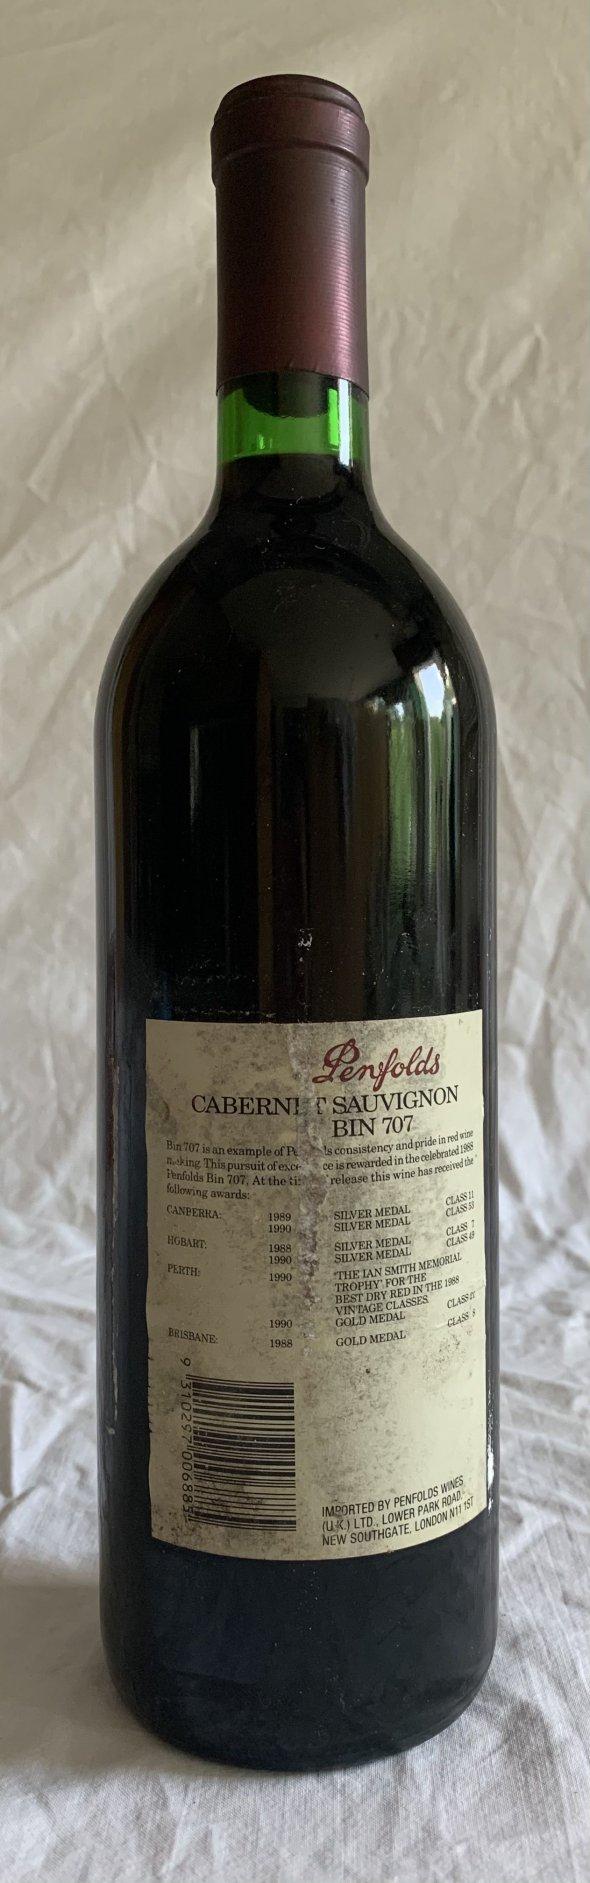 Penfolds Cabernet Sauvignon Bin 707
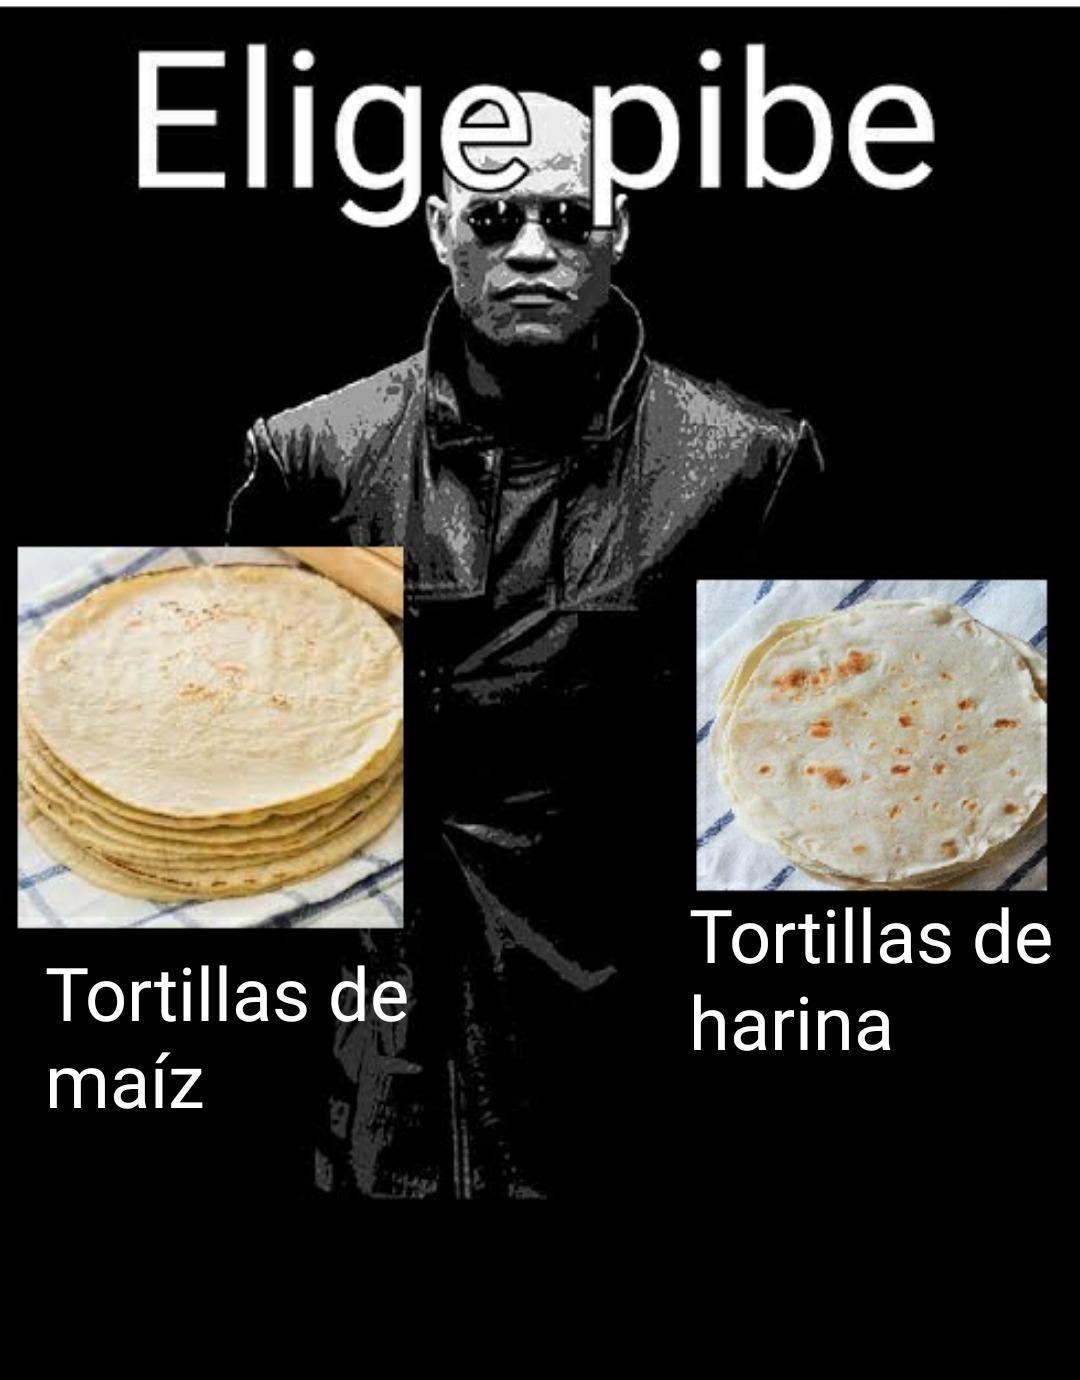 Elige tortillas de harina o de maiz - meme
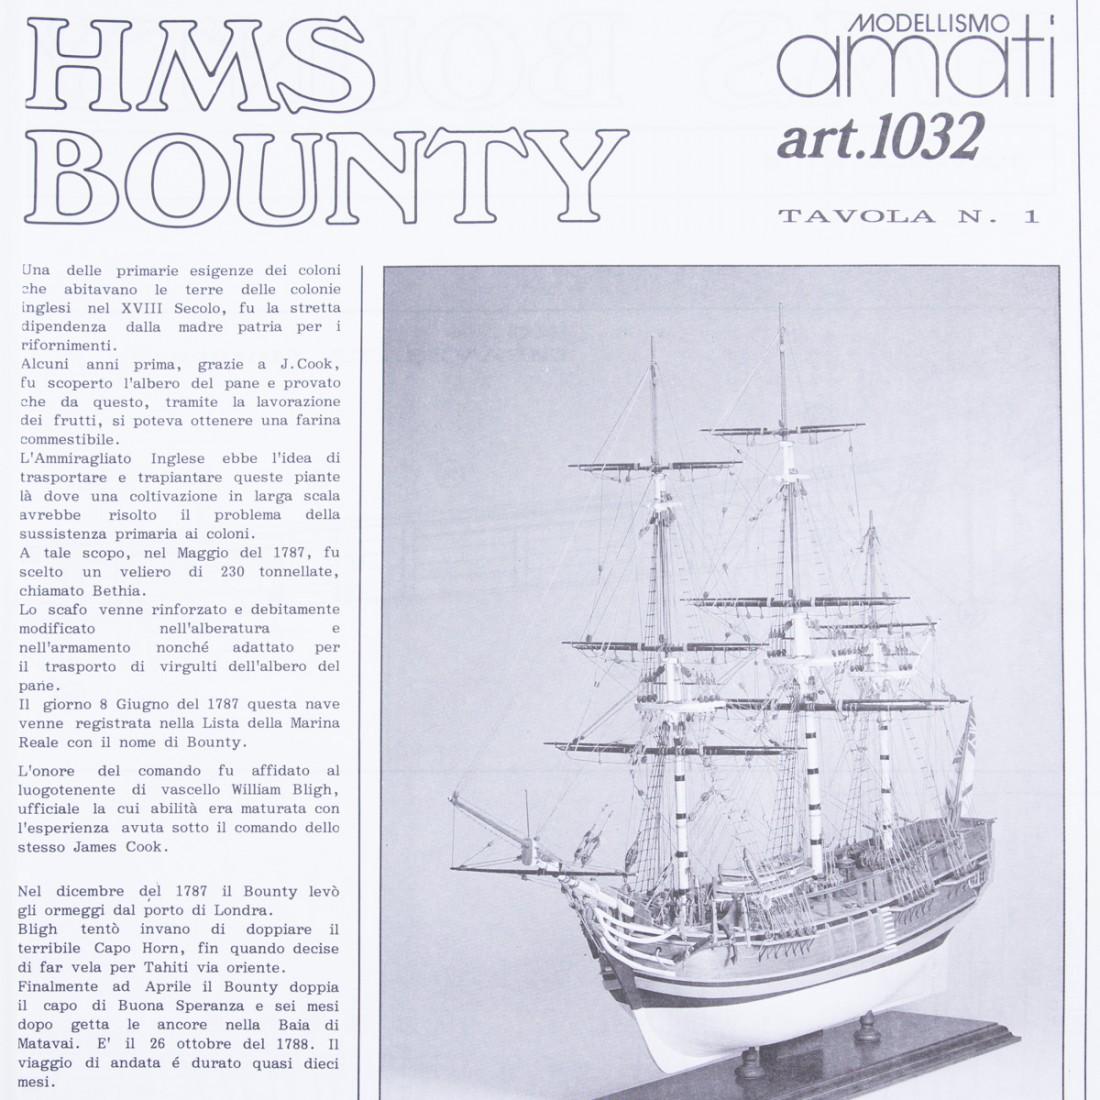 Plan de recompensas HMS
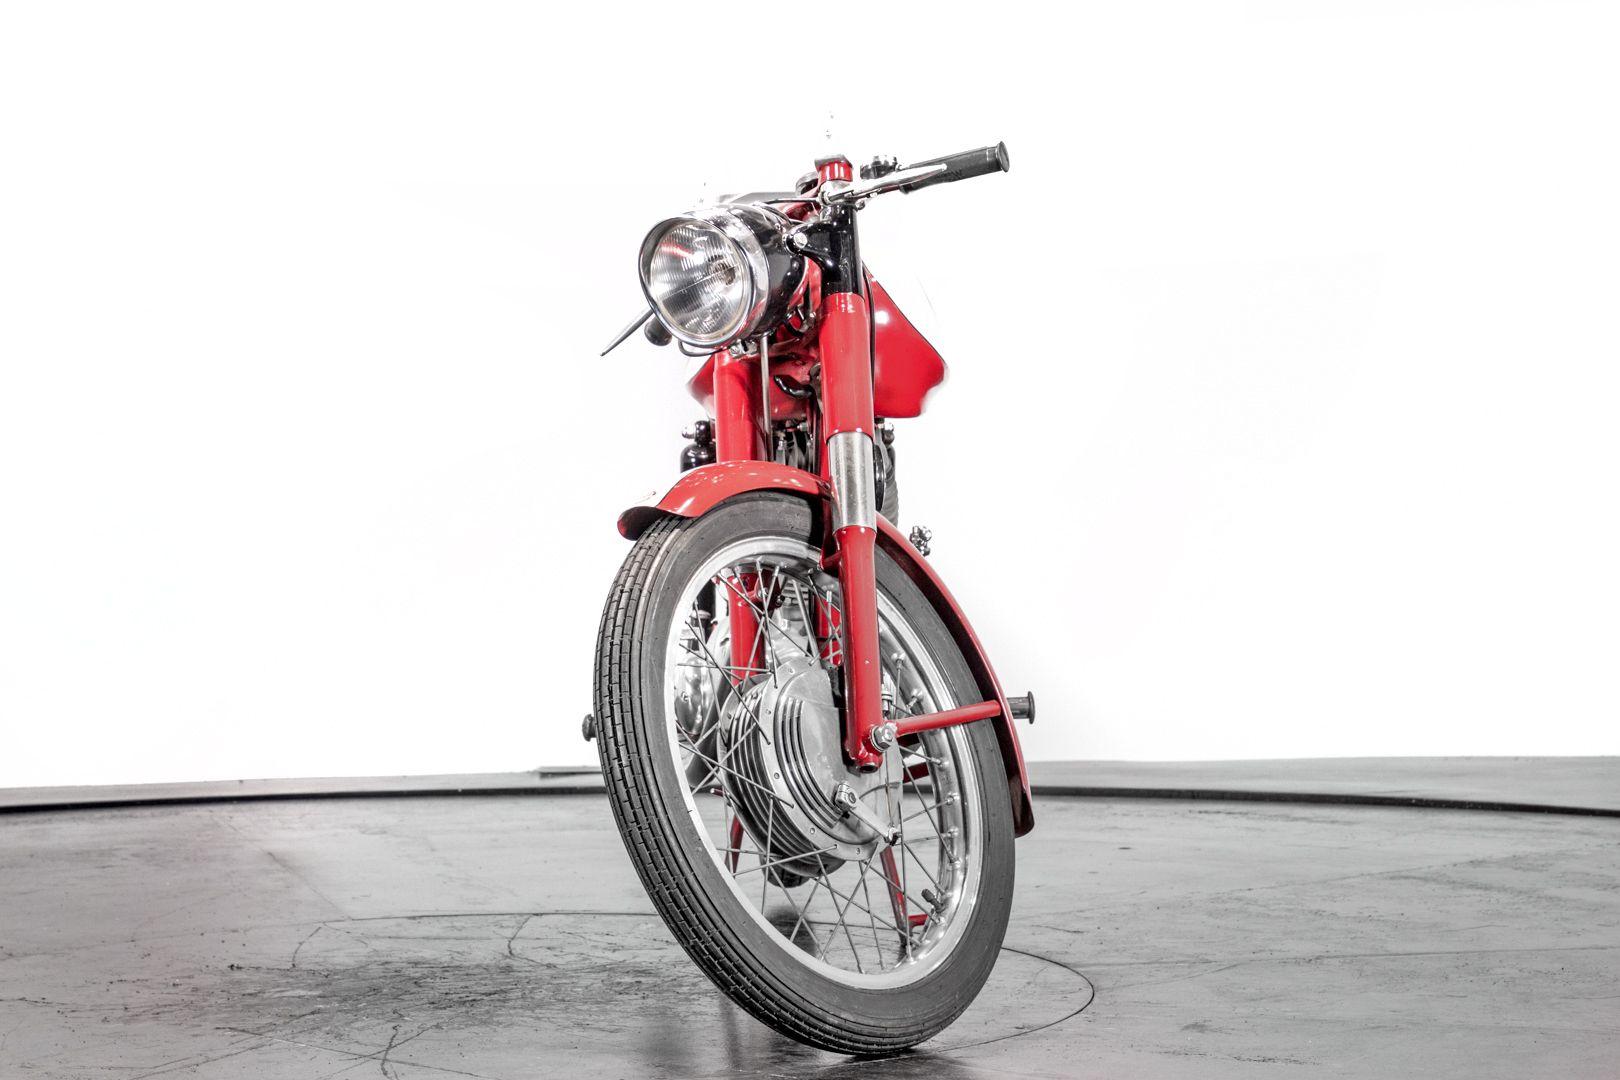 1957 Moto Morini 175 71729

##########

• [Task statement]:
Please set down, word for word, the lines starting at the line that holds "Elige tortillas de harina o de maiz - meme" and running to the end of the listing, with no pictures.

• [Completed exercise]:
 Elige tortillas de harina o de maiz - meme
 Plan de recompensas HMS
 1957 Moto Morini 175 71729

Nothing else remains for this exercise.